Our refined hotel is the ideal gateway to Macau’s historic ruins, spiritual temples and imposing fortresses, which illustrate the evolution of Western and Chinese civilizations over more than four centuries. To further enhance your stay, our hotel offers convenient access to more than 600 designer boutiques and several premier shopping centers. We warmly welcome you to Macau, and promise you an unforgettable stay in this unique and cosmopolitan city – St. Regis-style.
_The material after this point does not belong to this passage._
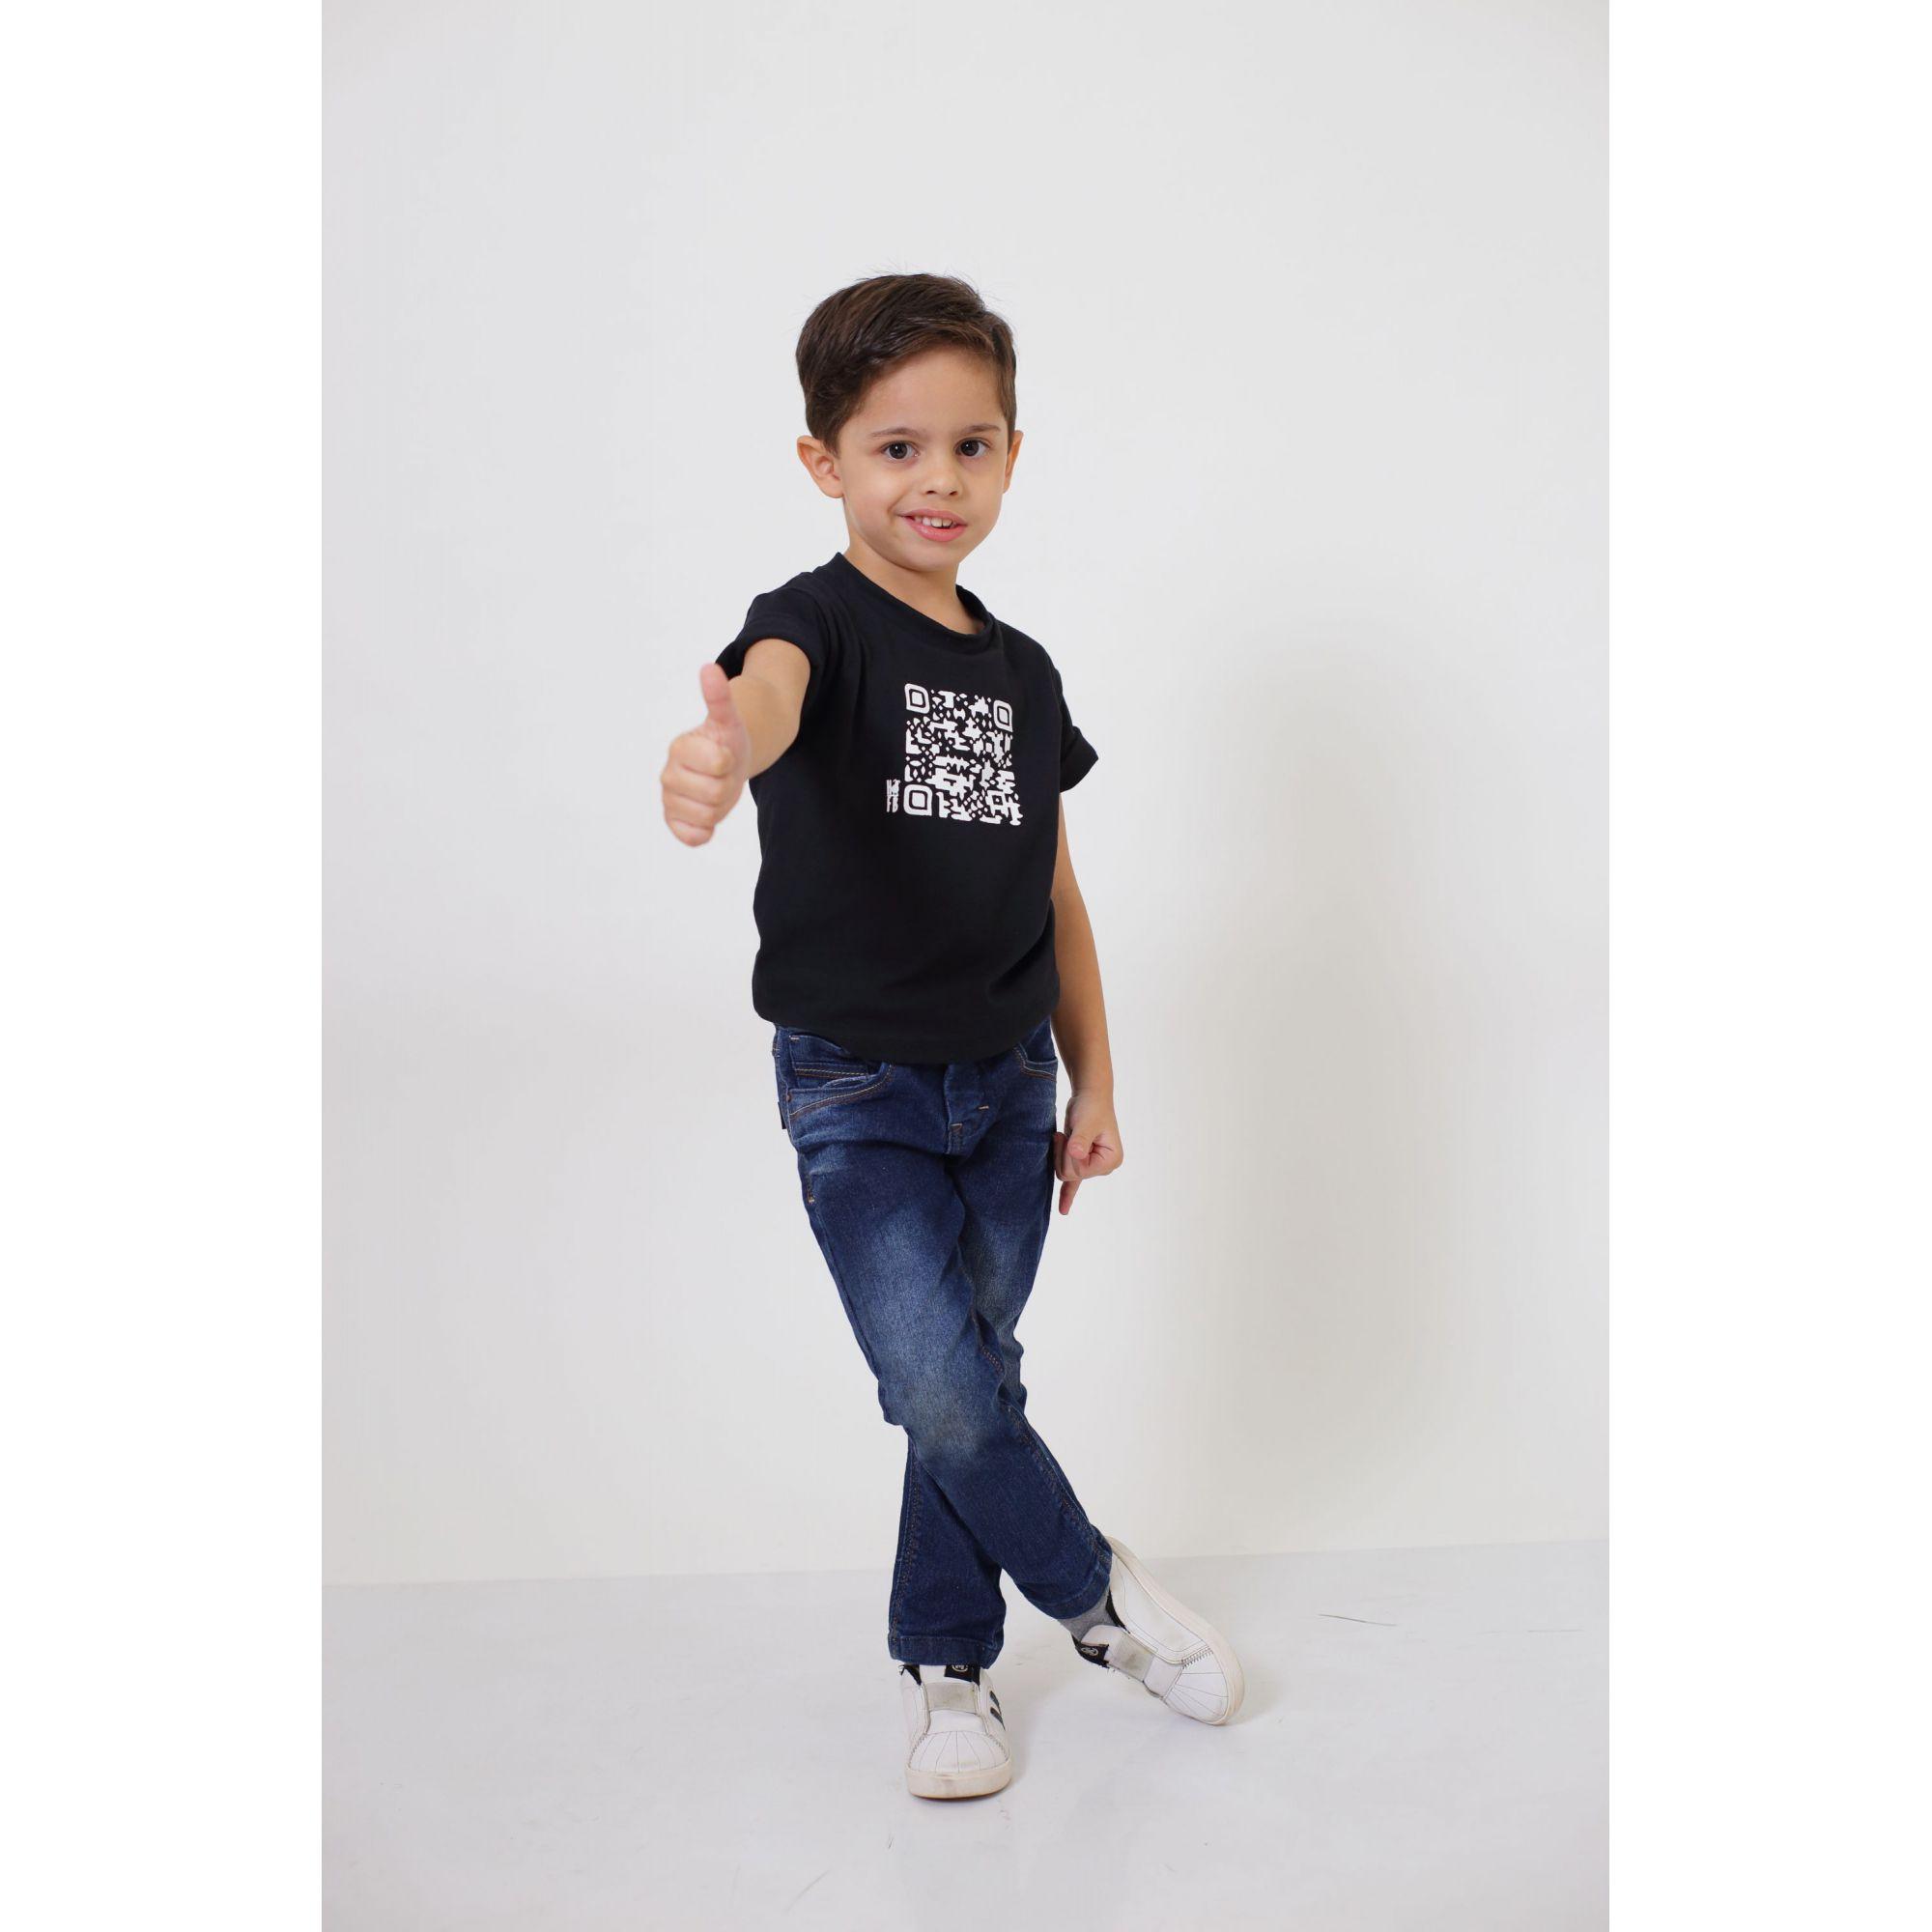 Camiseta ou Body Infantil Unissex - QRCODE  - Heitor Fashion Brazil

The St. Regis Macao, Cotai Central
The hotel is in the most desirable position on the Cotai Strip, and is perfectly situated within a prime center for dining, shopping andentertainment. Guests can enjoy the finest restaurants and amenities, aided by the expert guidance of the St. Regis Butler Service. Refined comforts and elegant furnishings await in each of The St. Regis Macao’s 400 guest rooms and suites, where state-of-the-art amenities combine with traditional Chinese architectural elements and spectacular views of the Cotai Strip.
Enjoy one of five unique dining experiences at The Manor, sample a speciality cocktail at The St. Regis Bar, or relax in the outdoor swimming pool.